All of the listing should be returned as written, apart from any picture in it.

**AVAILABLE DATA:**
/---

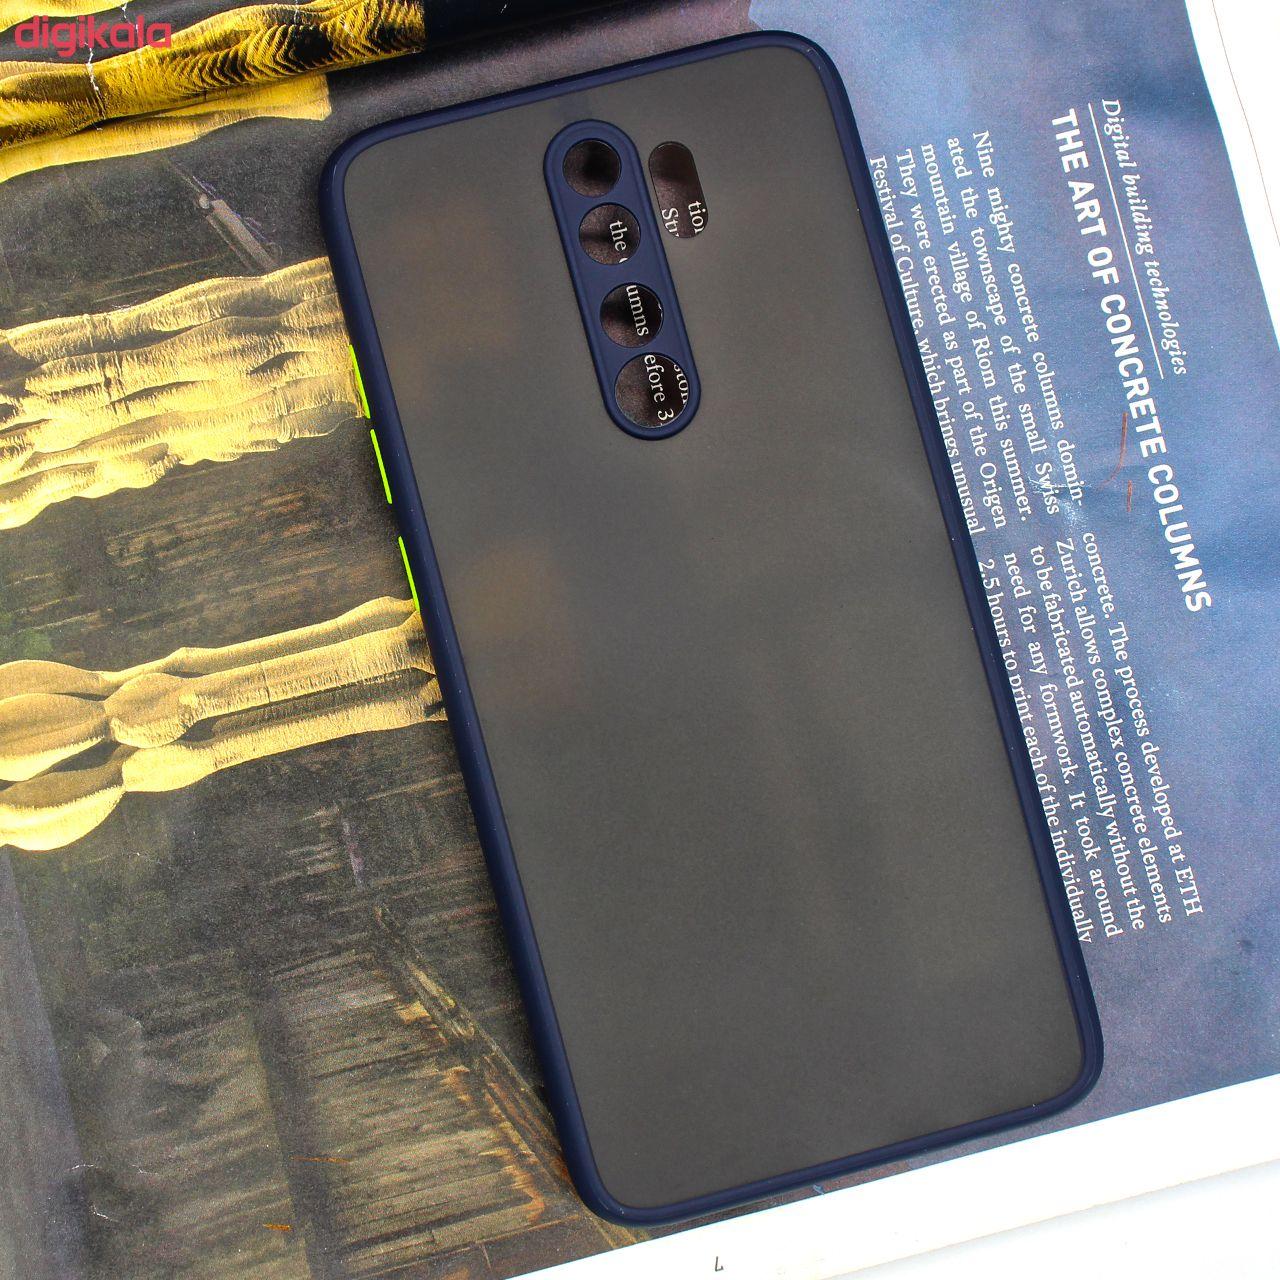 کاور کینگ پاور مدل M22 مناسب برای گوشی موبایل شیائومی Redmi Note 8 Pro main 1 16
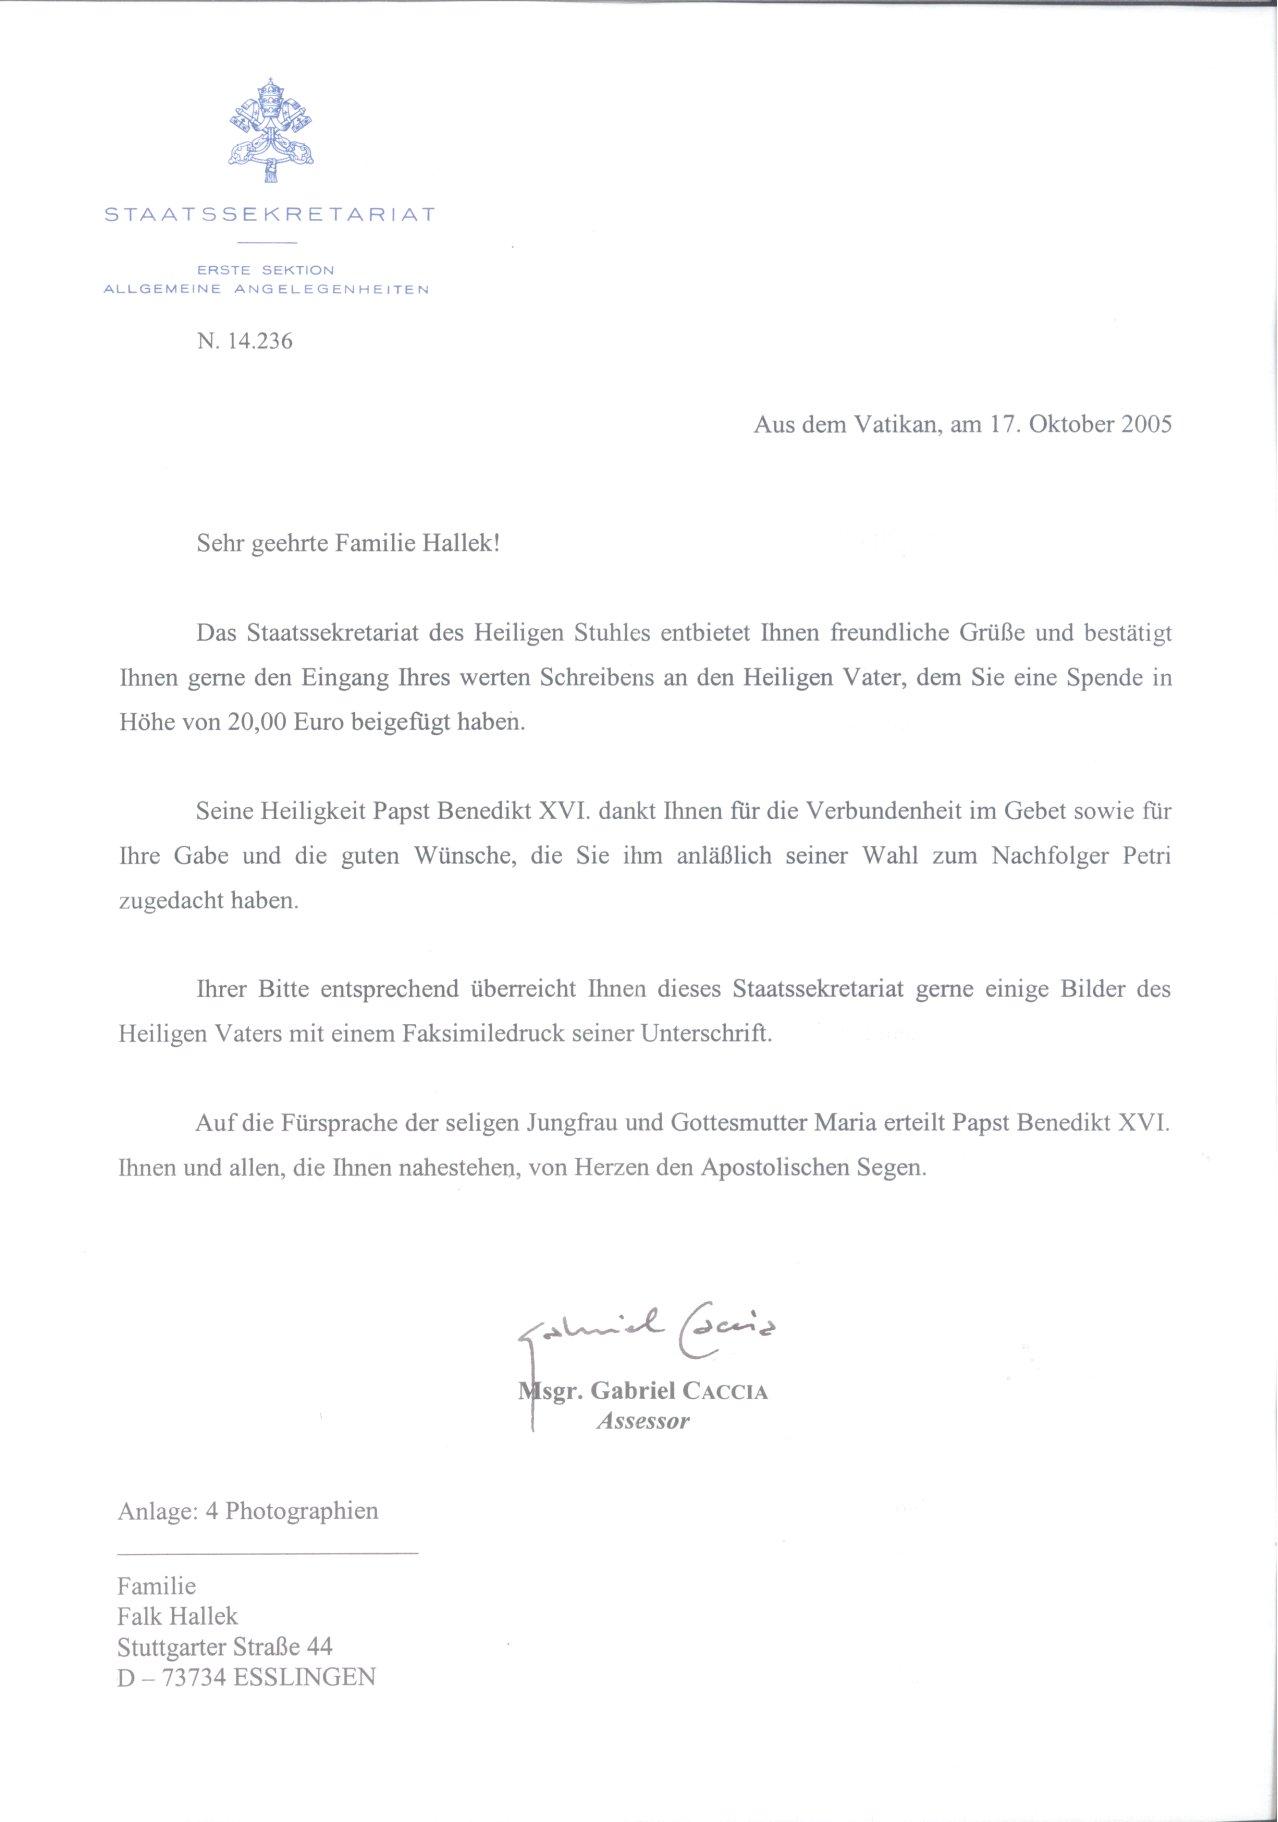 2005 VATIKANSTAAT, Schreiben vom STAATSSEKRETARIAT-1
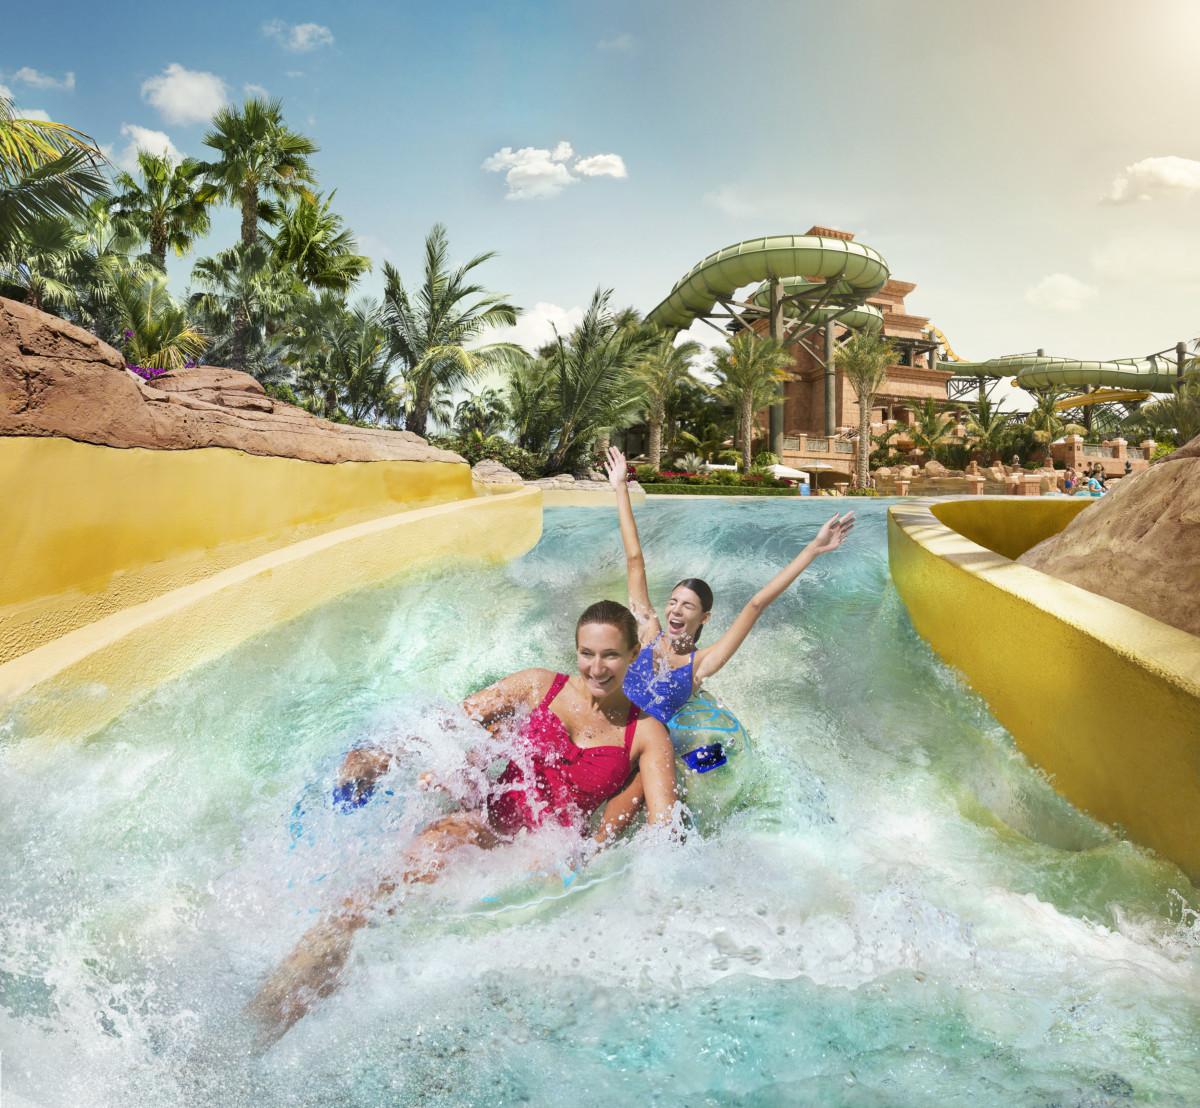 Dubai's Aquaventure water park

\---

**RESPONSE TO THE TASK:**
 کاور کینگ پاور مدل M22 مناسب برای گوشی موبایل شیائومی Redmi Note 8 Pro main 1 16
 2005 VATIKANSTAAT, Schreiben vom STAATSSEKRETARIAT-1
 Dubai's Aquaventure water park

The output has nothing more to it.